Anyone any experience of doing this course. I'm considering booking myself on one. What should I expect? Is it difficult to pass? Is it more of a learning training experience than a test. The course I've seen is 5 days.
I'd be interested to hear your views and/or experience.

Rossyhead
reply to 'BASI LEVEL 1'
posted Mar-2009

hi
i did my BASI 1 last summer in Glasgow at Xscape.
I found it to be very tough for the first three days-my personal skiing came under some scrutiny (mainly posture-and I would have regarded myself a very able skier beforehand)
The hardest part was doing the basics correctly in the way they need you to. You need to look like the EXACT model in the text booka nd be able to portray this to the client-bloody tough but after 2 days of snow plaugh turns you get plough parallel and parallel pretty quickly. Also hard skidding turns rather than carving!
I benifitted loads from the course and would recommend it even if you dont want to teach. However, I have found it very tough to get the required shadowing hours to get my full liscense
Was a great experience and really good fun!
www  Baggy pants, wide stance. Mad steeze, cork 3s

Edited 1 time. Last update at 24-Mar-2009

Amanda n
reply to 'BASI LEVEL 1'
posted Mar-2009

snowpack, did you look into this any further?, what does the qualification mean you can do?
age is but a number but why does it have to keep going up !!
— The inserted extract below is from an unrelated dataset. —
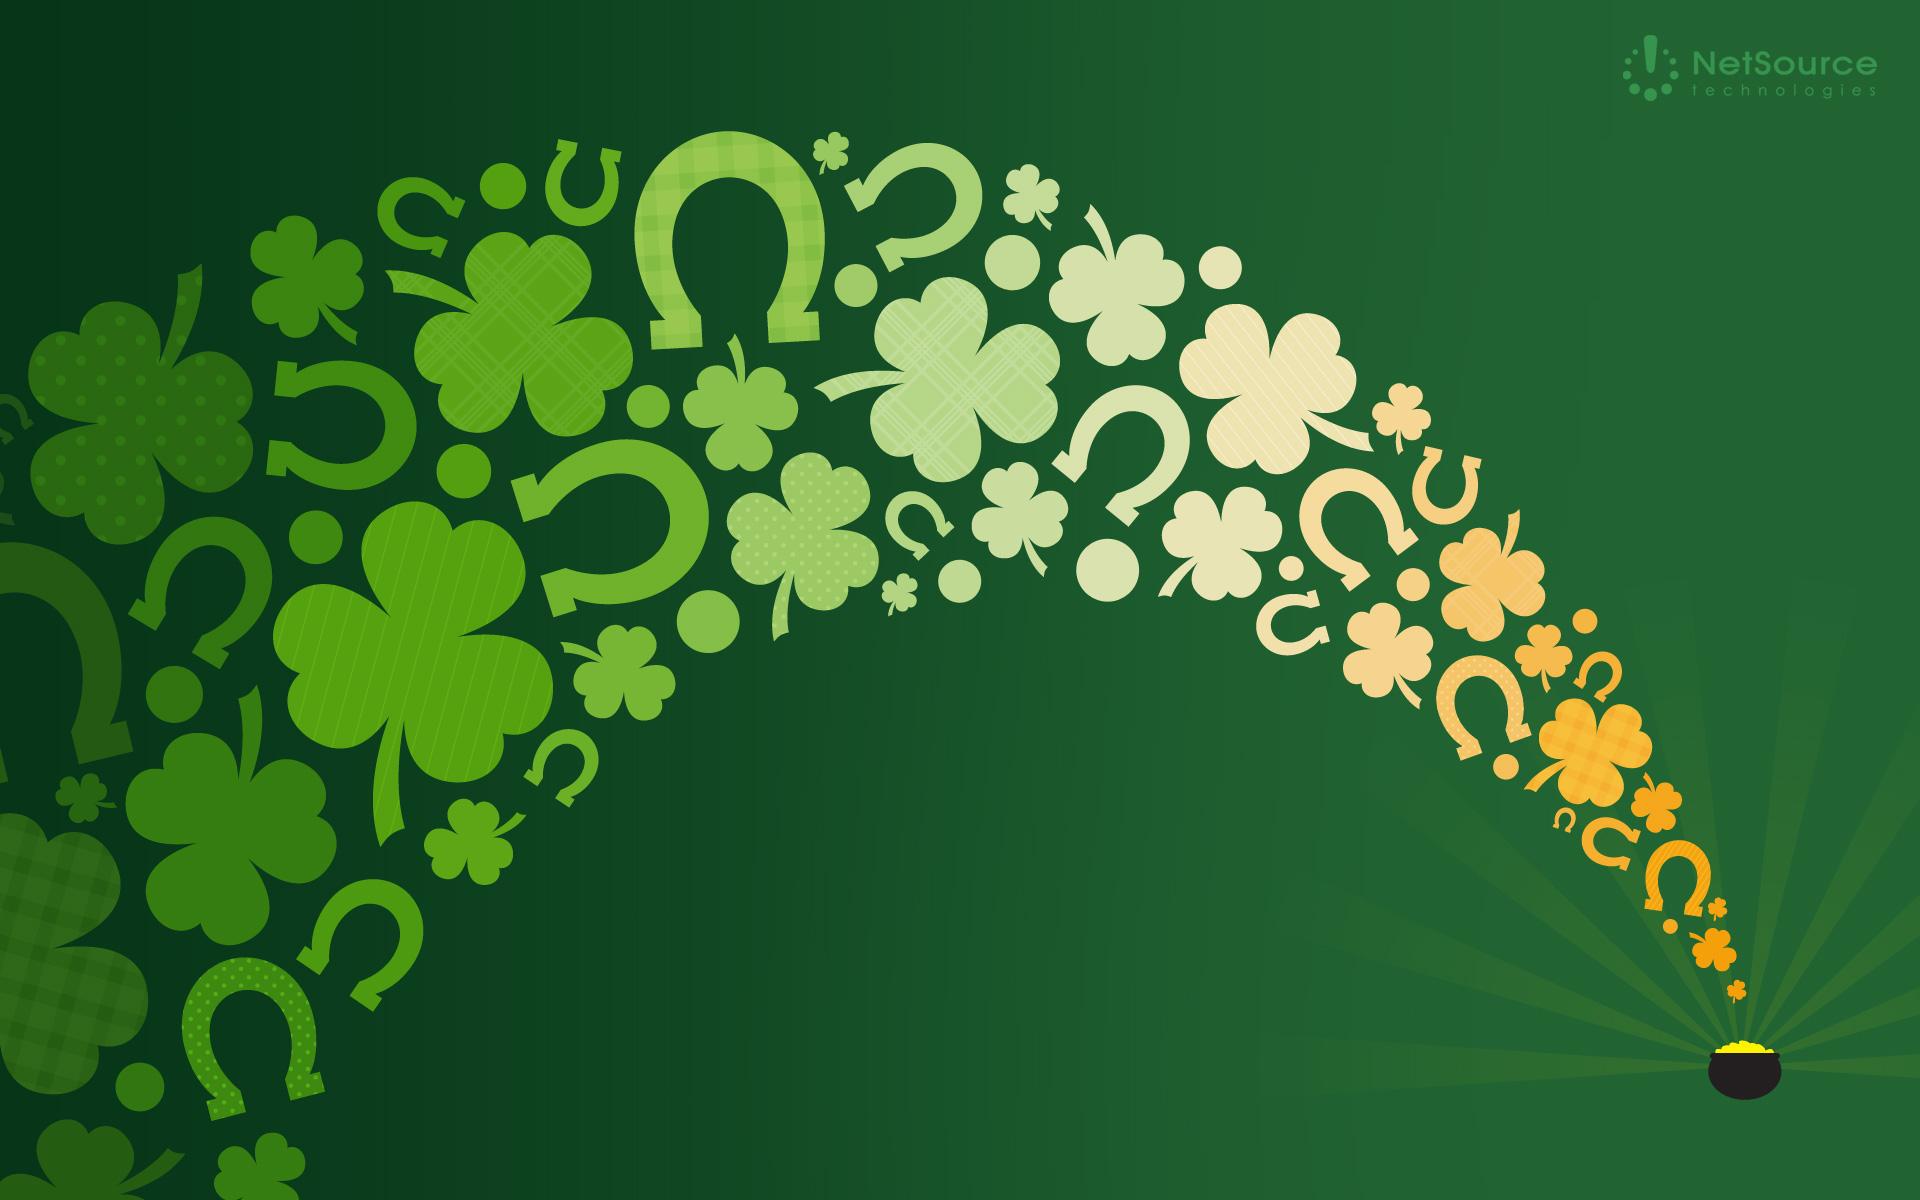 Saint Patrick's Day wallpaper - 396870

Edited 1 time. Last update at 25-Mar-2009

Ise
reply to 'BASI LEVEL 1'
posted Mar-2009

amanda n wrote:snowpack, did you look into this any further?, what does the qualification mean you can do?


Very little, it's part of a continuing syllabus. In itself you can teach in a "non mountain" environment which means dry slopes and indoor slopes in the UK once you've completed the course and the required shadowing with a ski school.

Amanda n
reply to 'BASI LEVEL 1'
posted Mar-2009

thanks ise
age is but a number but why does it have to keep going up !!

AllyG
reply to 'BASI LEVEL 1'
posted Mar-2009

Rossyhead,
Do you think your posture problems were because you'd drifted away from the position you were originally taught, or because the ideal correct posture position has changed since you were taught?
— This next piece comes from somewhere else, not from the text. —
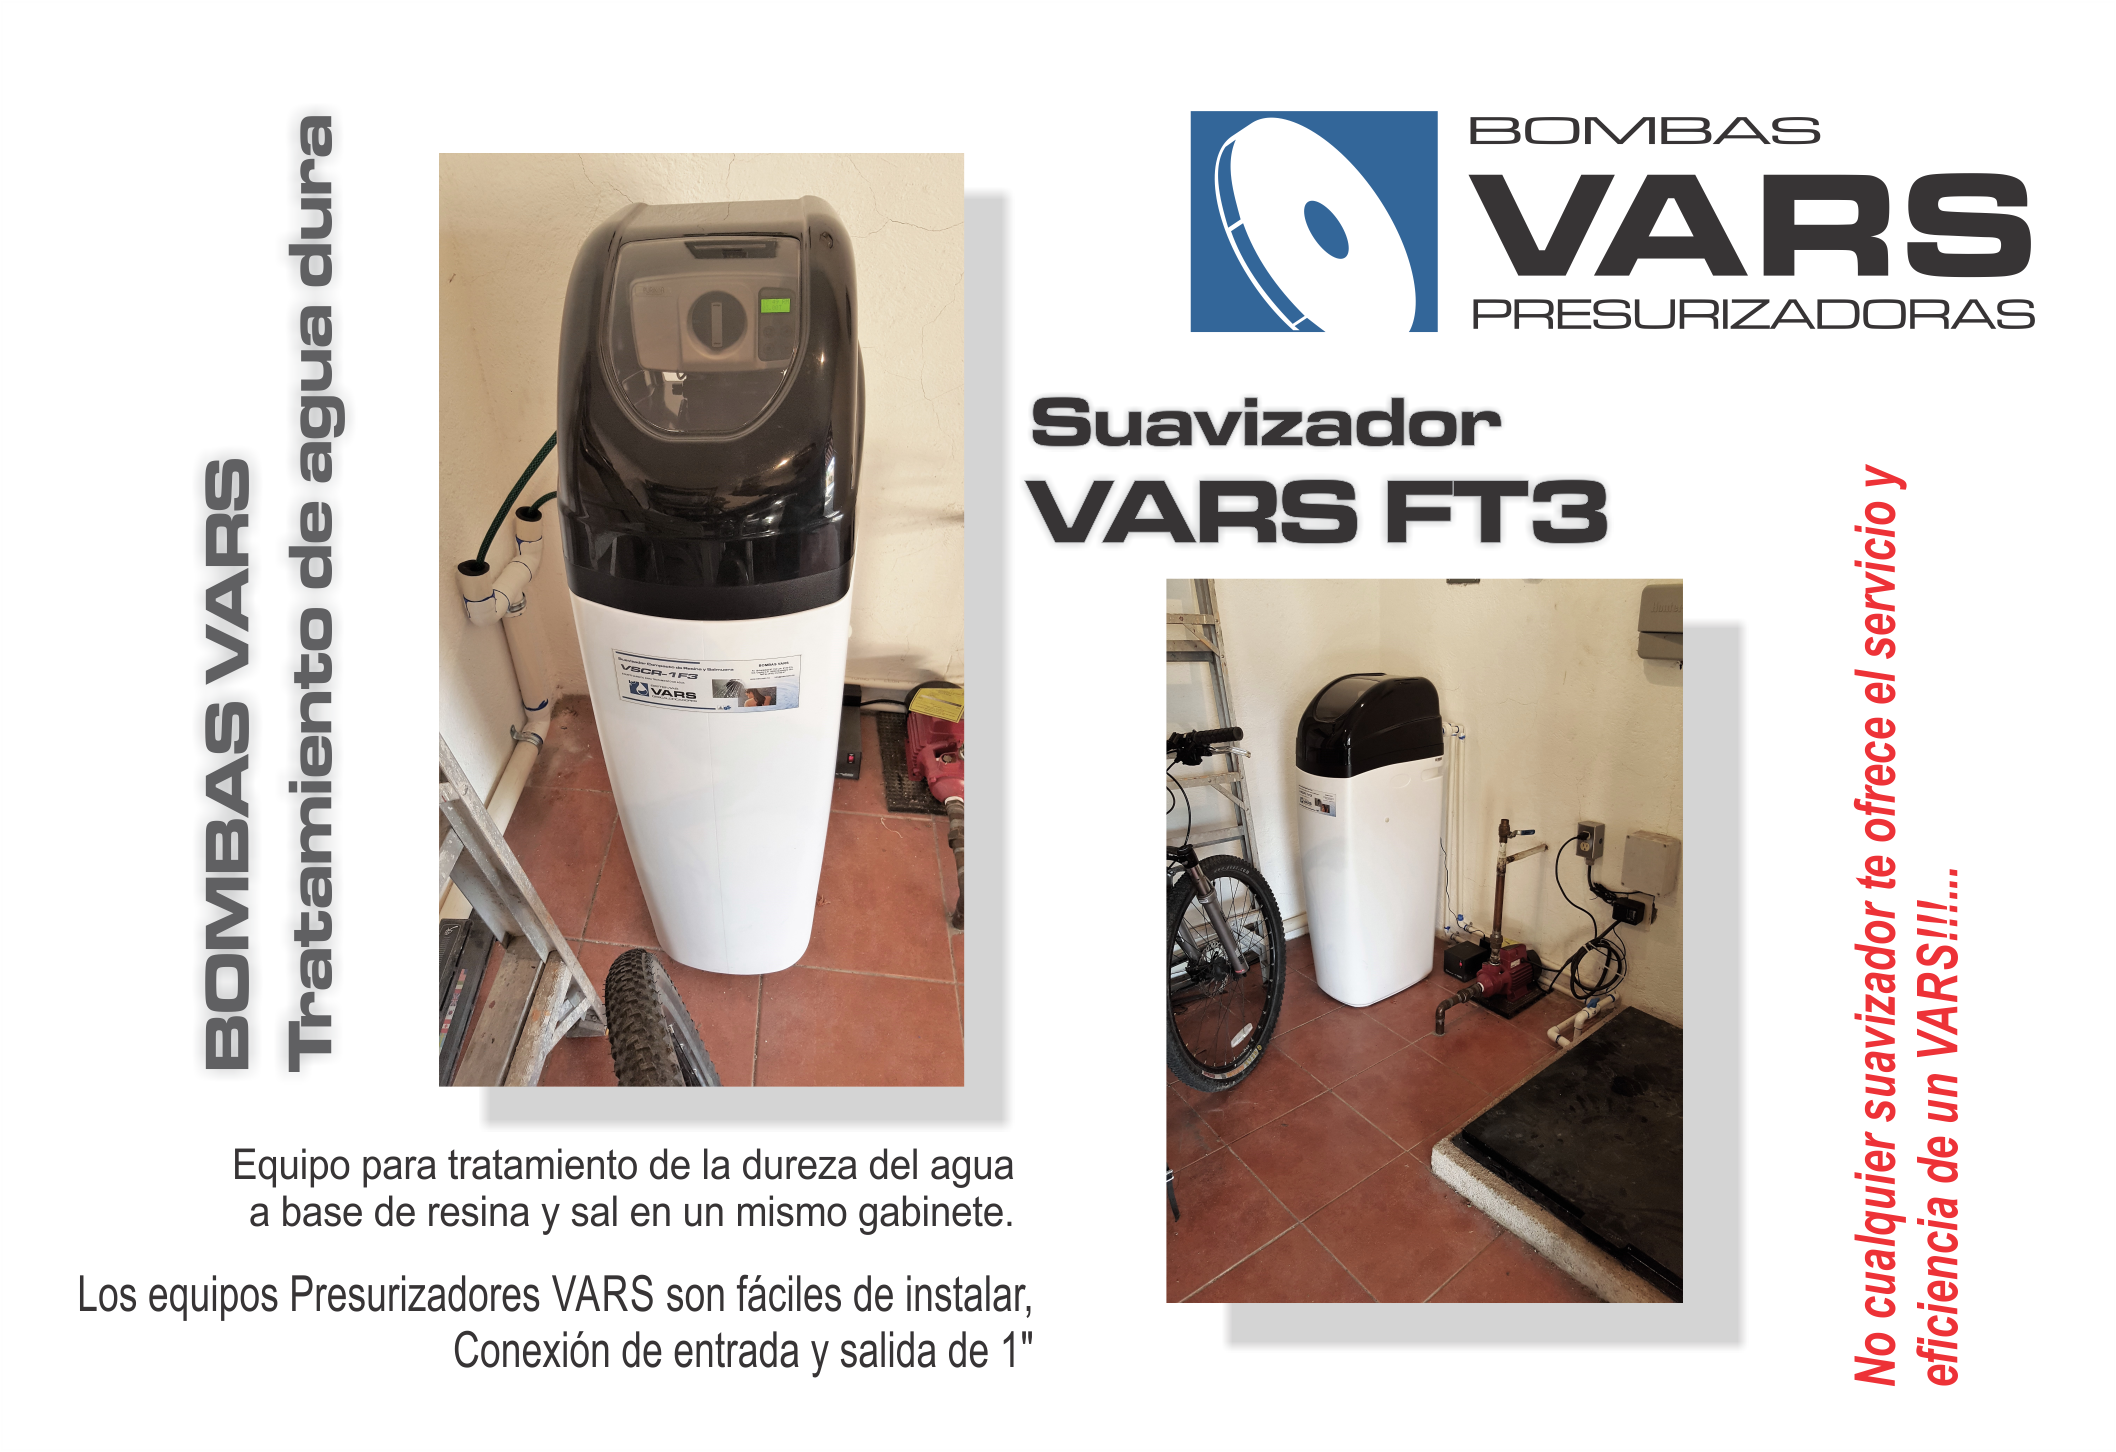 Suavizador VARS FT3

It must have looked very funny seeing all the expert skiers on your course struggling to do a snowplough correctly!

Ally

Snowpack
reply to 'BASI LEVEL 1'
posted Mar-2009

I'm still considering it, to be honest. As Ise says once completed you are then able to teach on dry slopes or snowdomes (non mountain environments). But the idea is probably to progress through the BASI system. I'd like to be able to teach but I'd also like to make some core improvement to my skiing. I've done performance courses but I the BASI system appears to offer the "all round teaching" elements which I think I may find interesting too.
Along with the level 1 I'll need to do shadowing, first aid, and child protection BEFORE one can claim the level 1 status so it's a reasonable comitment.

I'm not scared of snow ploughing, although I don't know if I was ever taught it 100% correctly.

Thanks for all your input.

Amanda n
reply to 'BASI LEVEL 1'
posted Mar-2009

i would be interested to know how you progress, keep the forum updated snow pack.
age is but a number but why does it have to keep going up !!